CISA outlines guidance to prevent big tech being hacked again so easily
The US Cybersecurity and Infrastructure Security Agency (CISA) has published a new report recommending that businesses make some changes to their security in light of the infamous Lapsus$ attacks.
Lapsus$ is a threat group that used a range of relatively simple tactics to breach some of the biggest names in tech, including Microsoft, Nvidia, and Samsung. It was also responsible for leaking content from Rockstar Games’ upcoming video game Grand Theft Auto VI.
Seven people in connection with Lapsus$, aged between 16 and 21, were arrested last year, but the group has claimed since that it is still active, and CISA warns that it and other similar threat actors are able to use “a playbook of effective techniques” to launch attacks to a “great and wide effect.”

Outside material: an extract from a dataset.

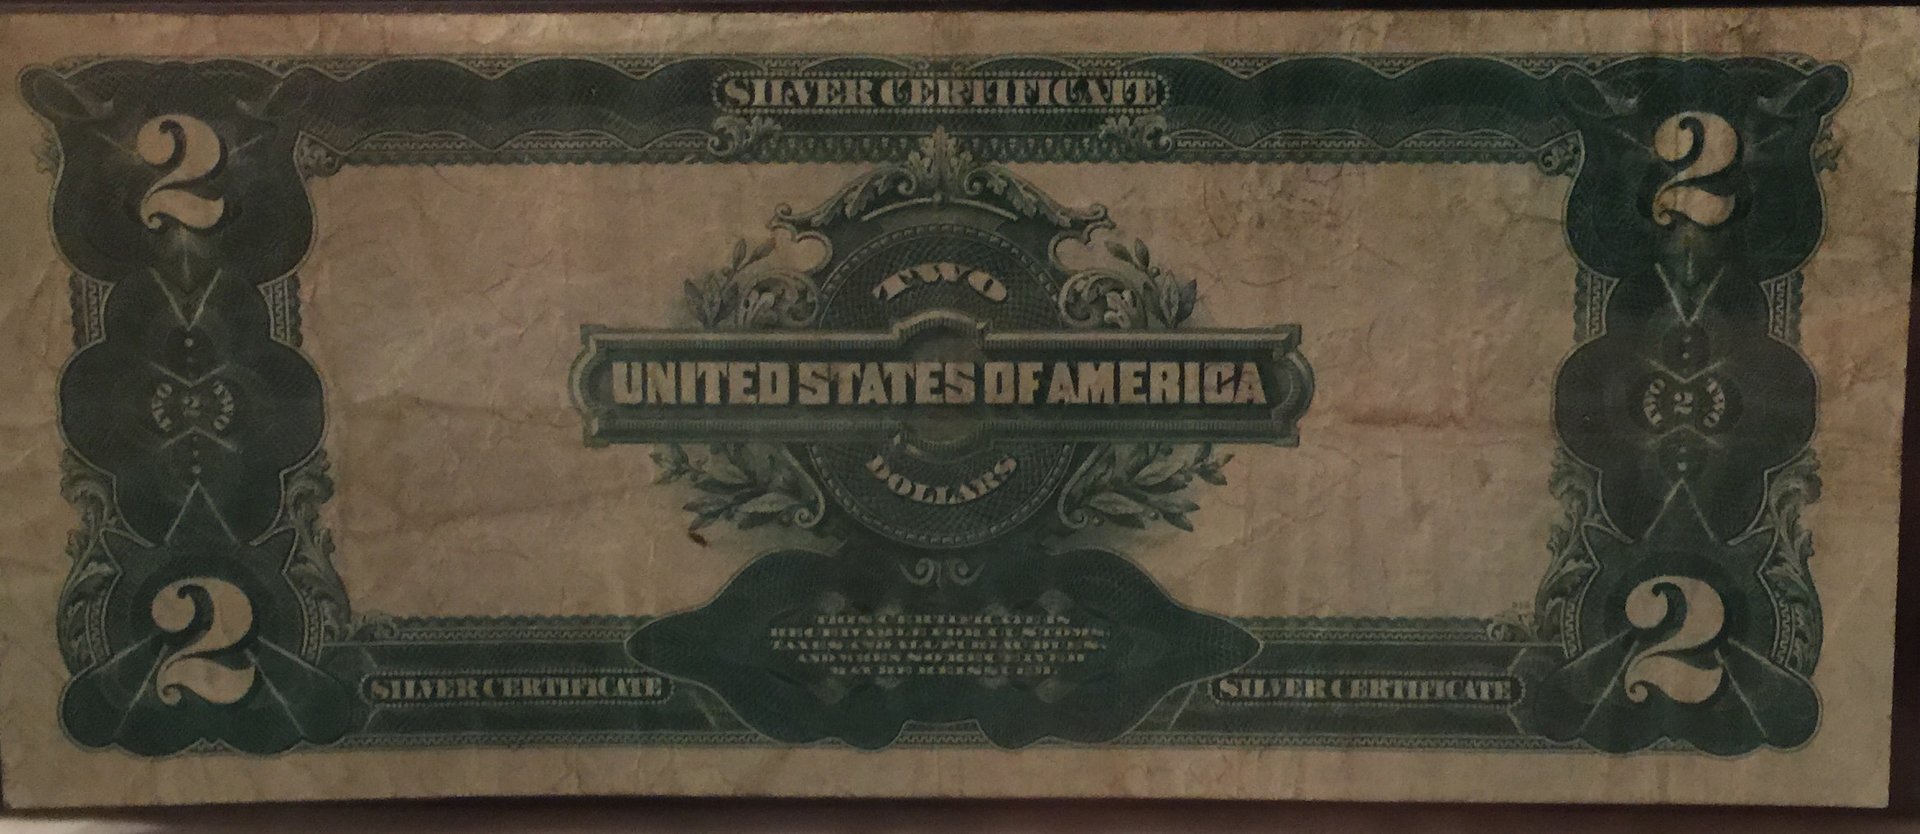 1899 $2 Silver Certificate Reverse.jpg

SIM swapping and passwordless
Chief among the Lapsus$ tactics was sim swapping, whereby attackers managed, via social engineering attacks and other methods, to access incoming messages from phones belonging to employees at the target firm, in order to receive valuable info such as two-factor authentication codes delivered via SMS.
CISA therefore wants the Federal Trade Commission and Federal Communications Commission to “mandate and standardize best practices to combat SIM swapping,” as well as imploring cell operators to “better protect their customers by implementing stringent authentication methods.”
This could include letting users lock their accounts out of SIM swaps, requiring strong verification procedures to allow them, and letting them see a record of what SIM swaps have occurred.
To further combat the issues, CISA also suggest that companies adopt passwordless solutions, which require no credentials or multi-factor authentication codes that can be intercepted.
Passkeys are the current favorite, with their FIDO 2 standards set by the FIDO Alliance, a cross-industry association featuring all the names in big tech on the board of members, including Apple, Amazon, Google, and Microsoft. Many of the best password manager options are also starting to support eh use of passkeys, including Dashlane, 1Password and Bitwarden.
They work by storing a cryptographic key on your device, which is not known to anyone. It is combined automatically with the pubic key of the service the user is trying to access their account for, granting them access.
All that’s needed to authenticate the login is whatever is used to lock the device itself. Typically, in the case of smartphones, this means biometric data, such as a fingerprint or facial recognition. A physical security key can also be used.
As the known operators within Lapsus$ were so young, CISA also suggests that a Congress-funded prevention programs should be launched to stop juveniles getting involved with cybercrime, as well as redirecting those already involved away from it.